| STORED DATA |
*** Begin section ***
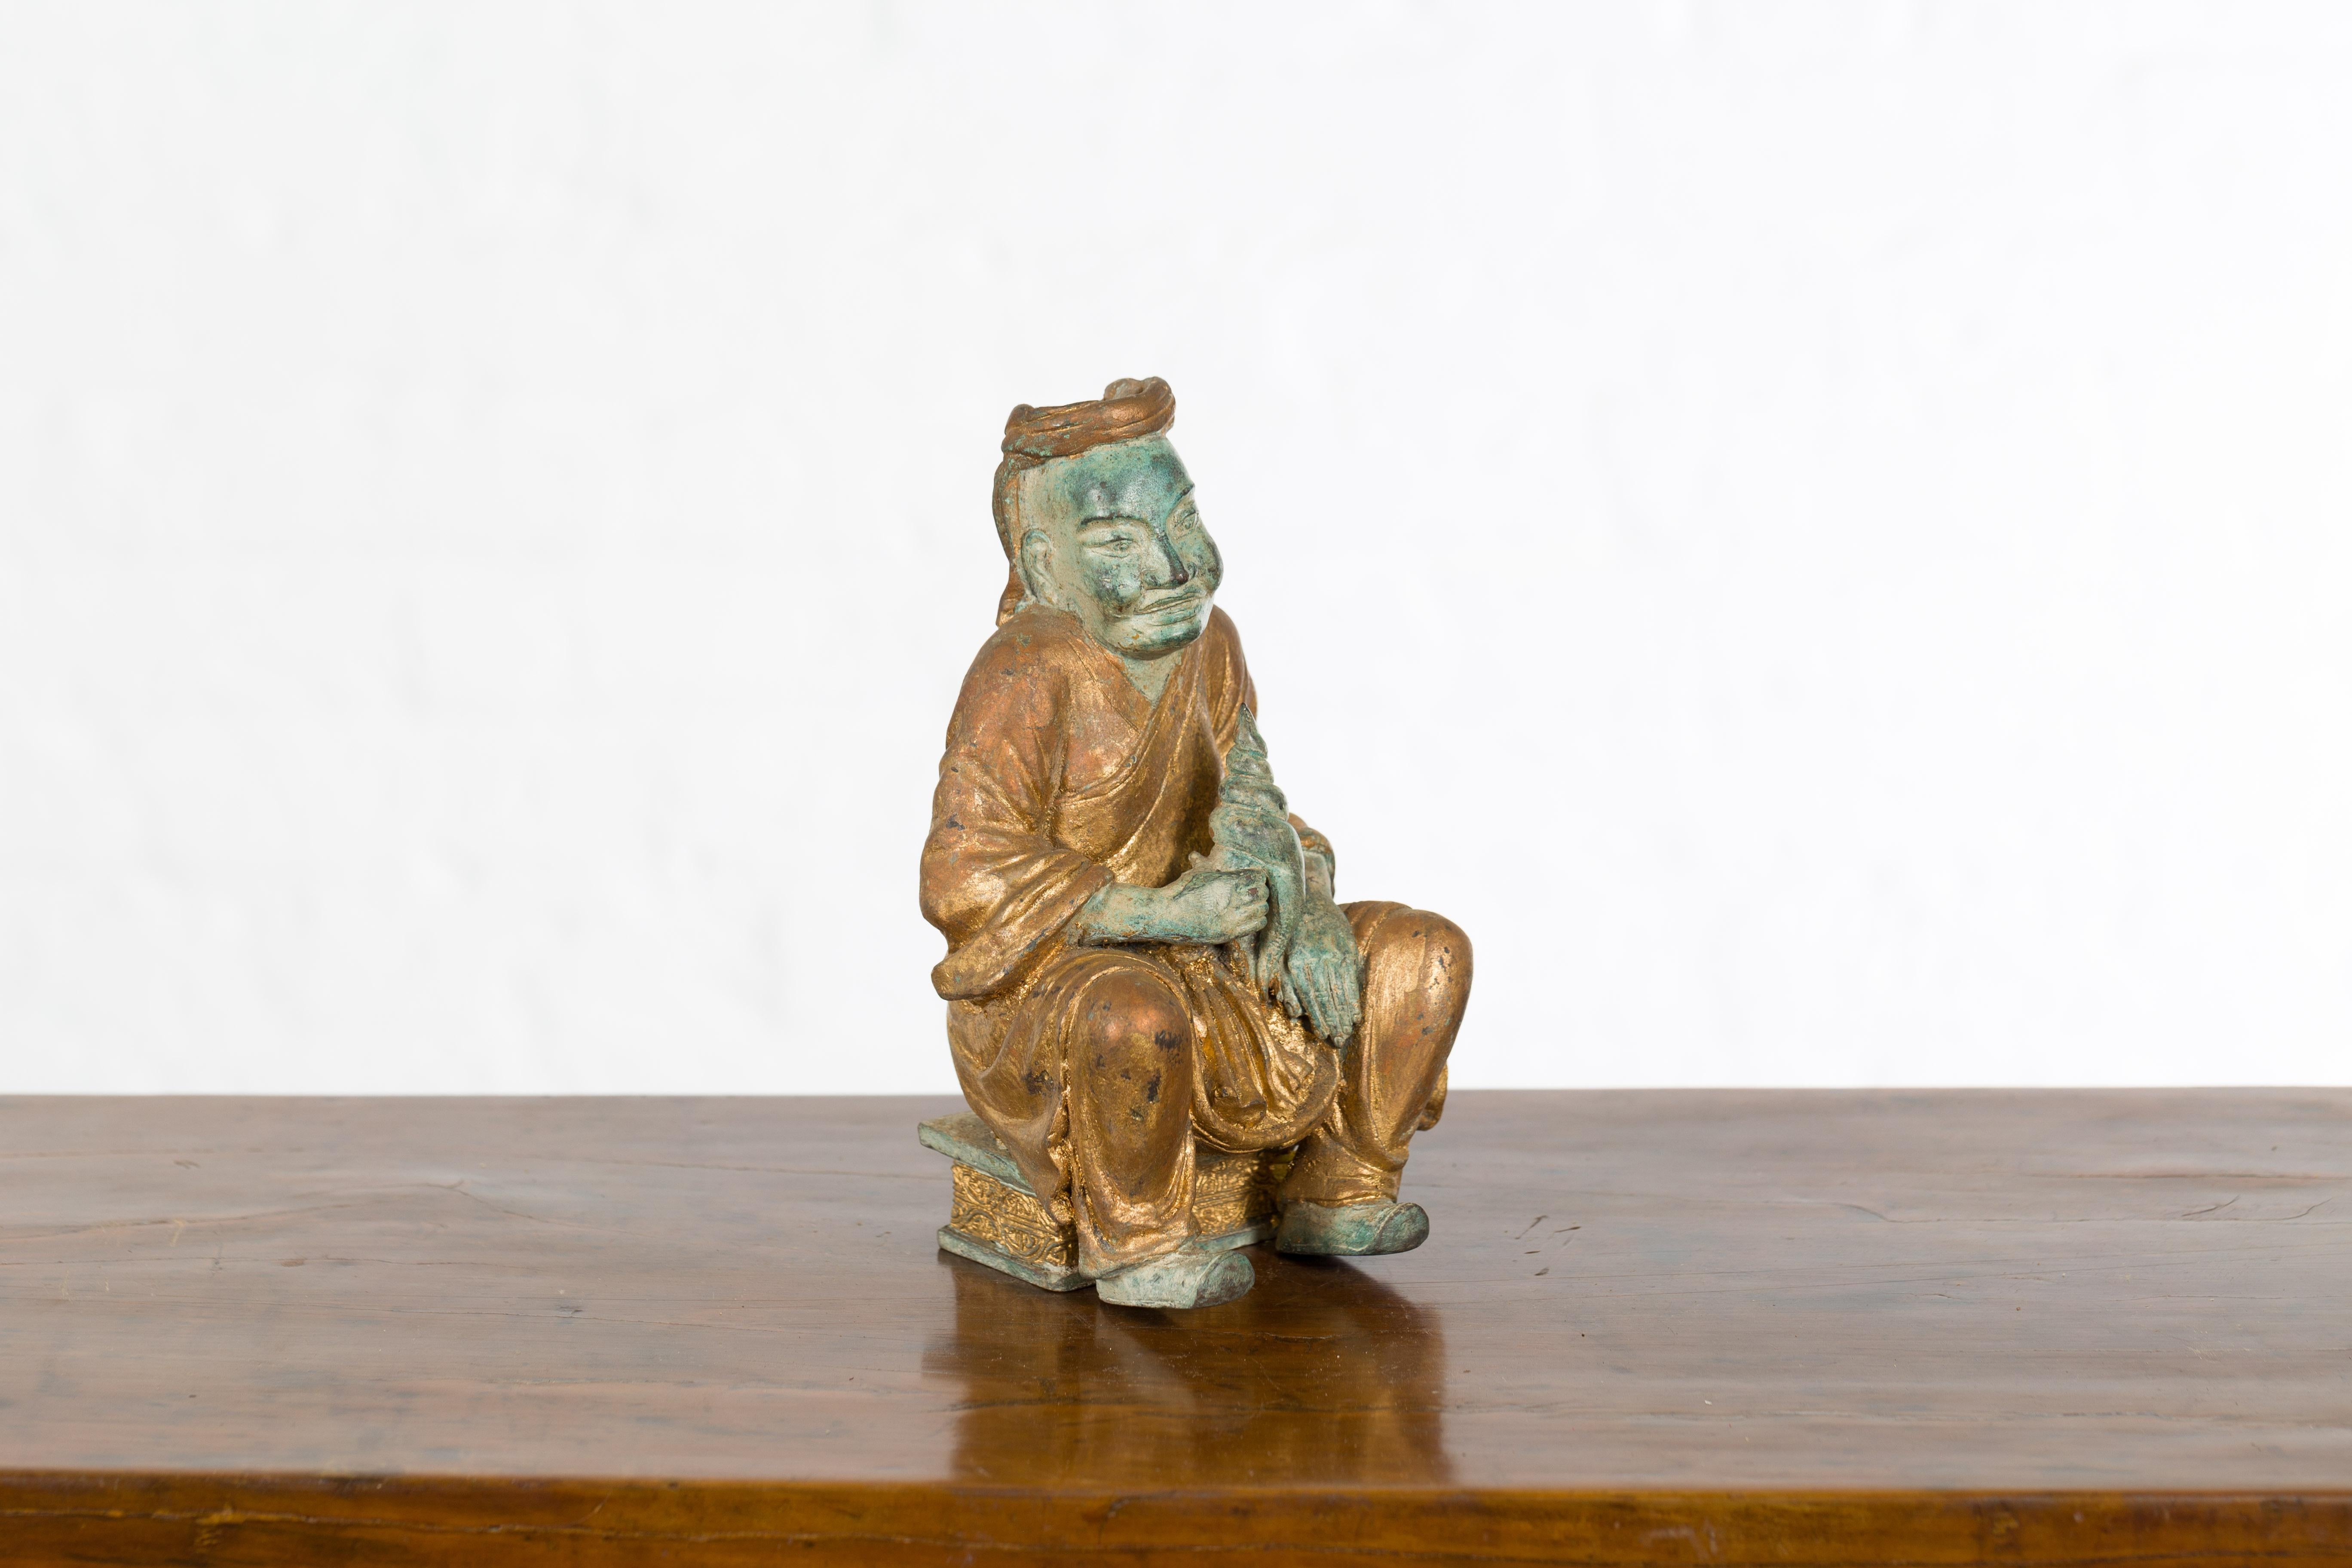 Petite Thai Verde and Gilded Statuette of a Seated Monk Holding a Conch Shell 1
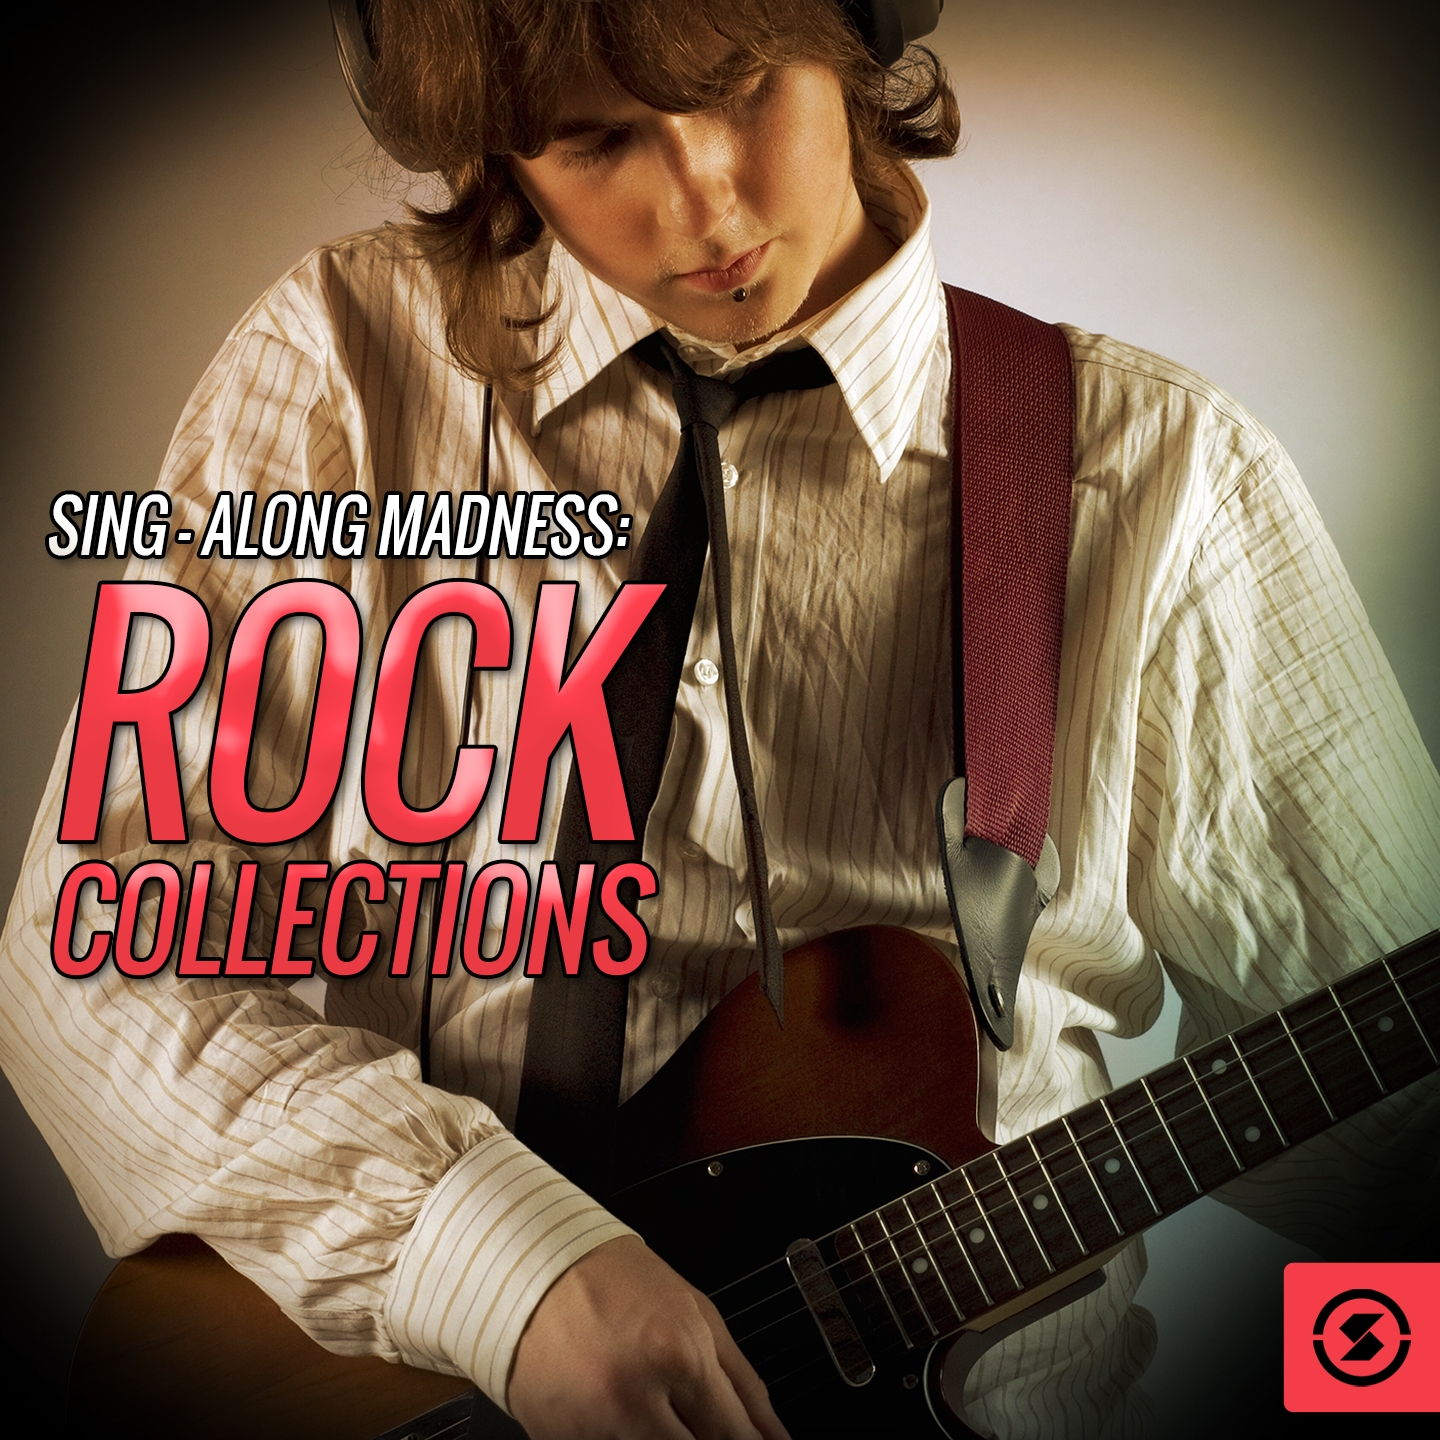 Sing - Along Madness: Rock Collections
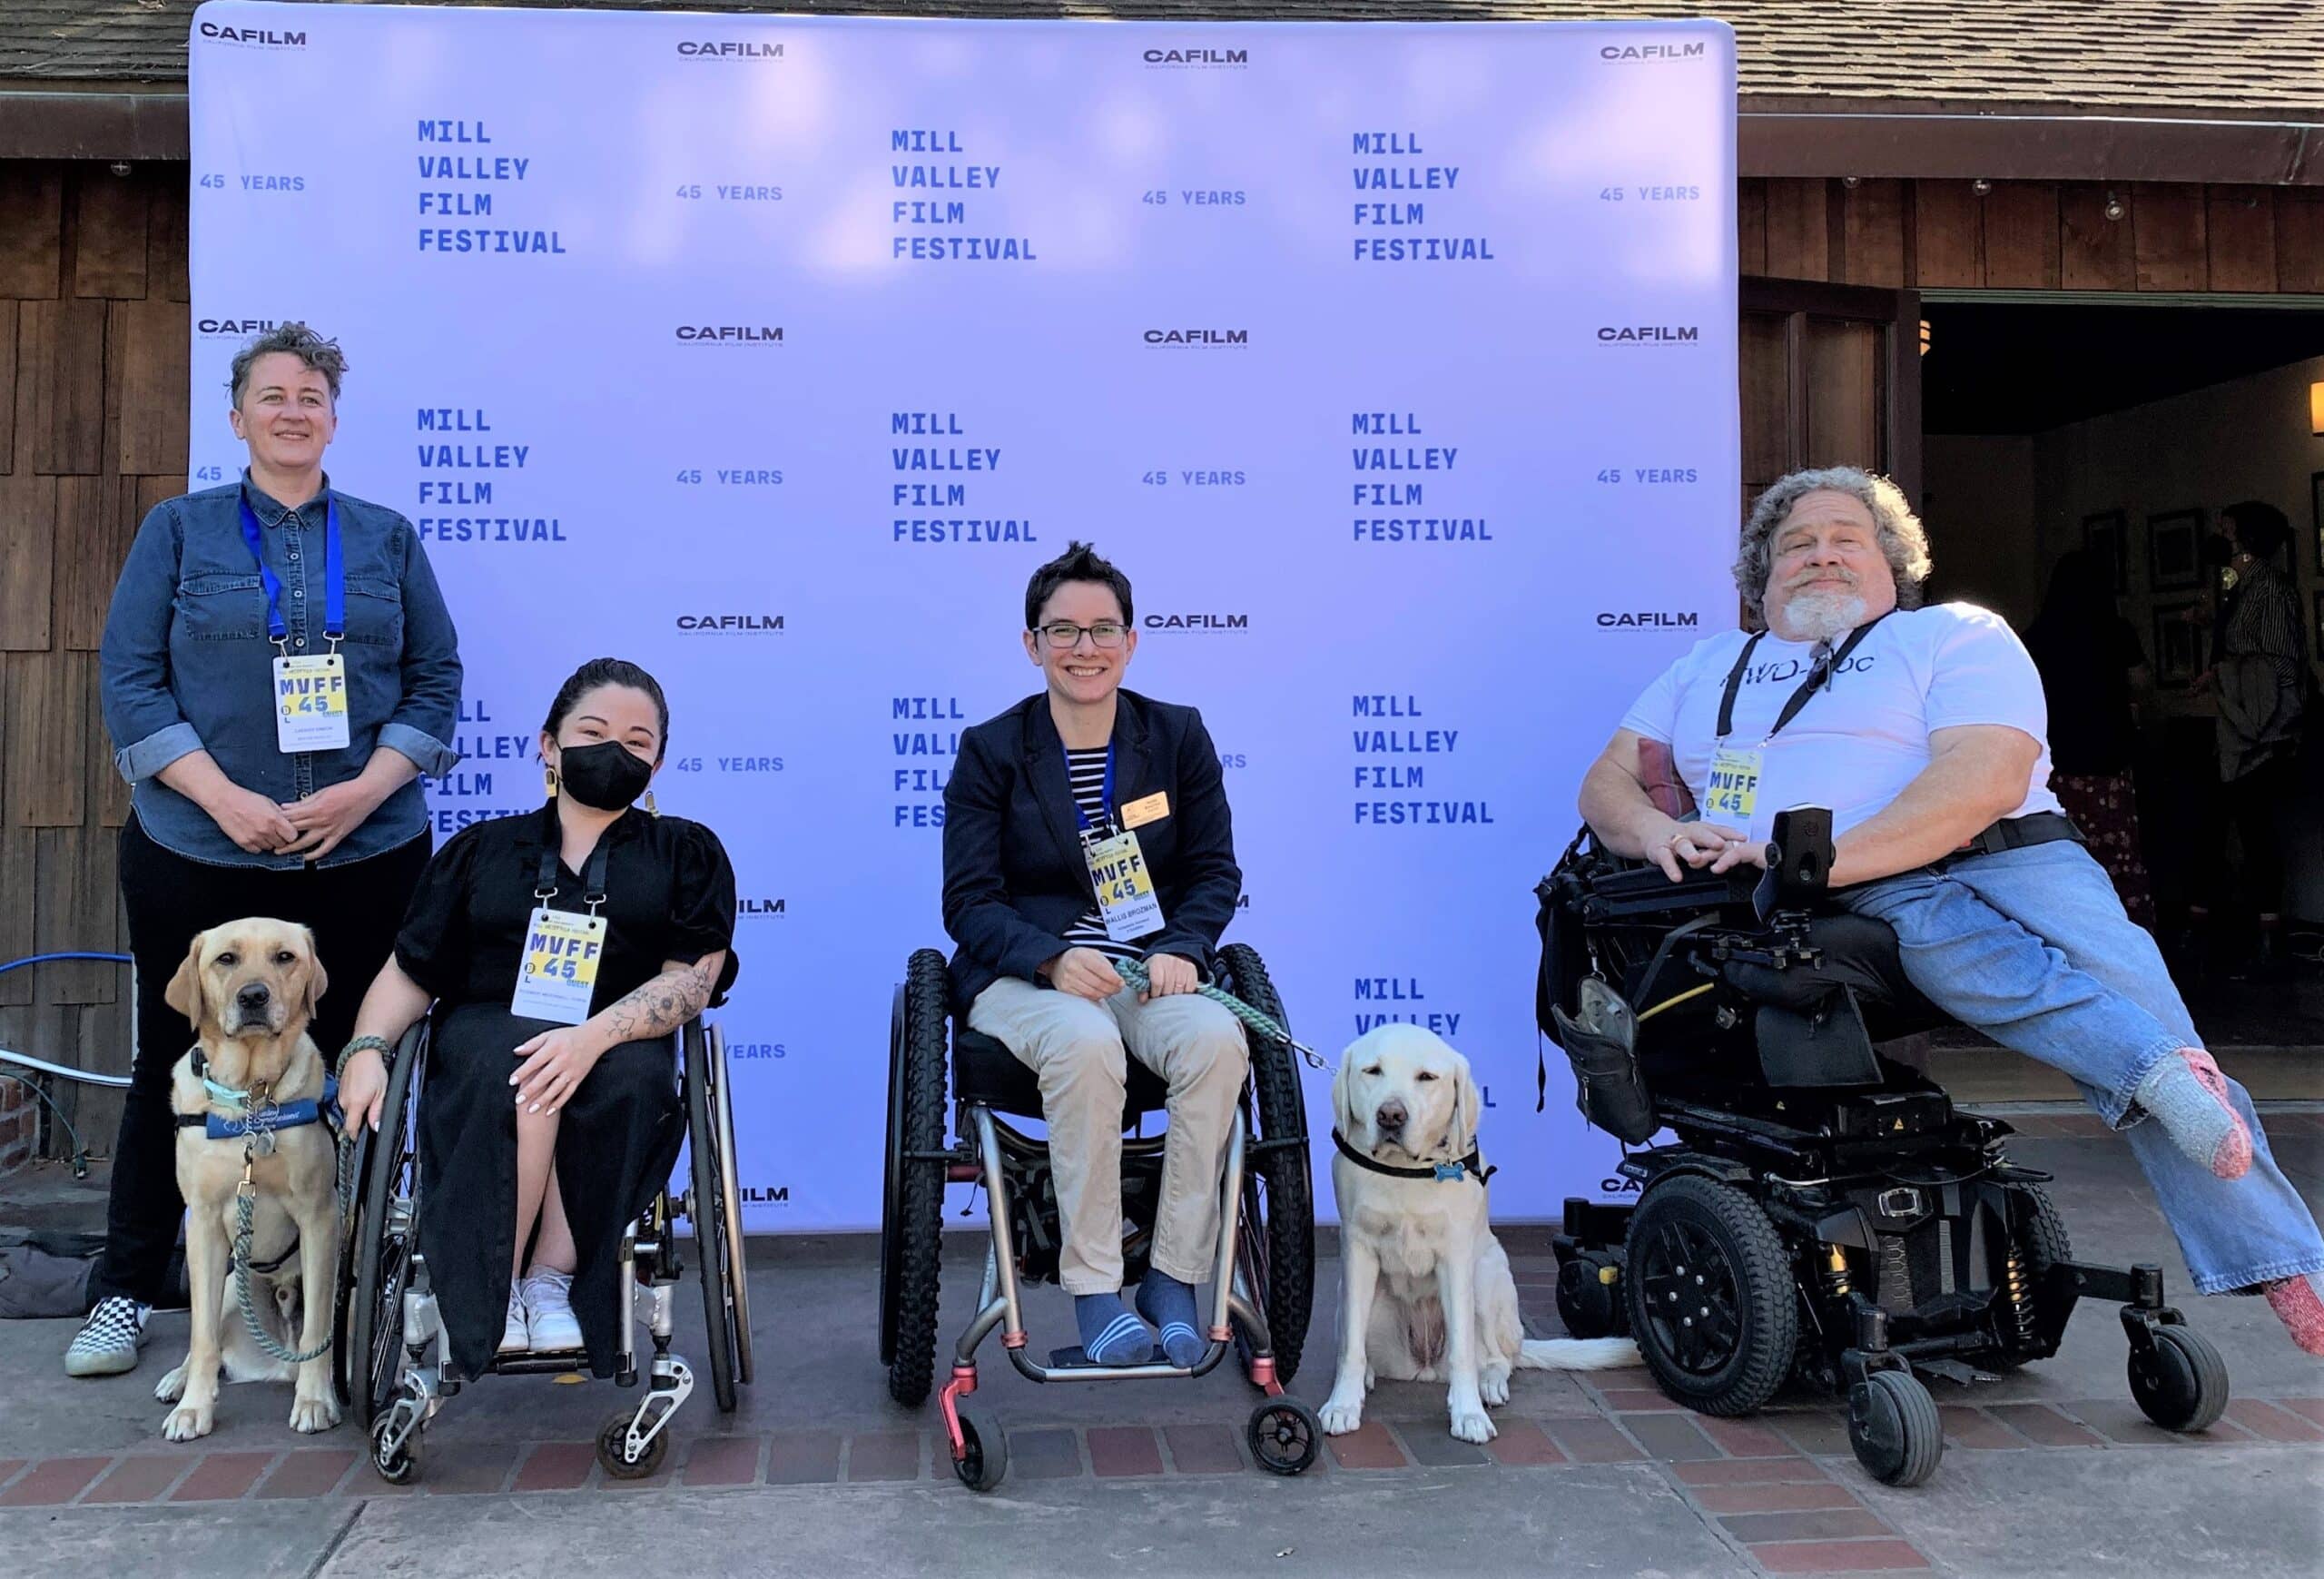 A group of people in wheelchairs with service dogs at a film festival
*** End section ***
| TRY IT |
What should appear is an exact reproduction of the lines from the one with "Sing - Along Madness: Rock Collections" through the end of the material above, and no pictures.

| ANSWER SECTION |
 Sing - Along Madness: Rock Collections
 A group of people in wheelchairs with service dogs at a film festival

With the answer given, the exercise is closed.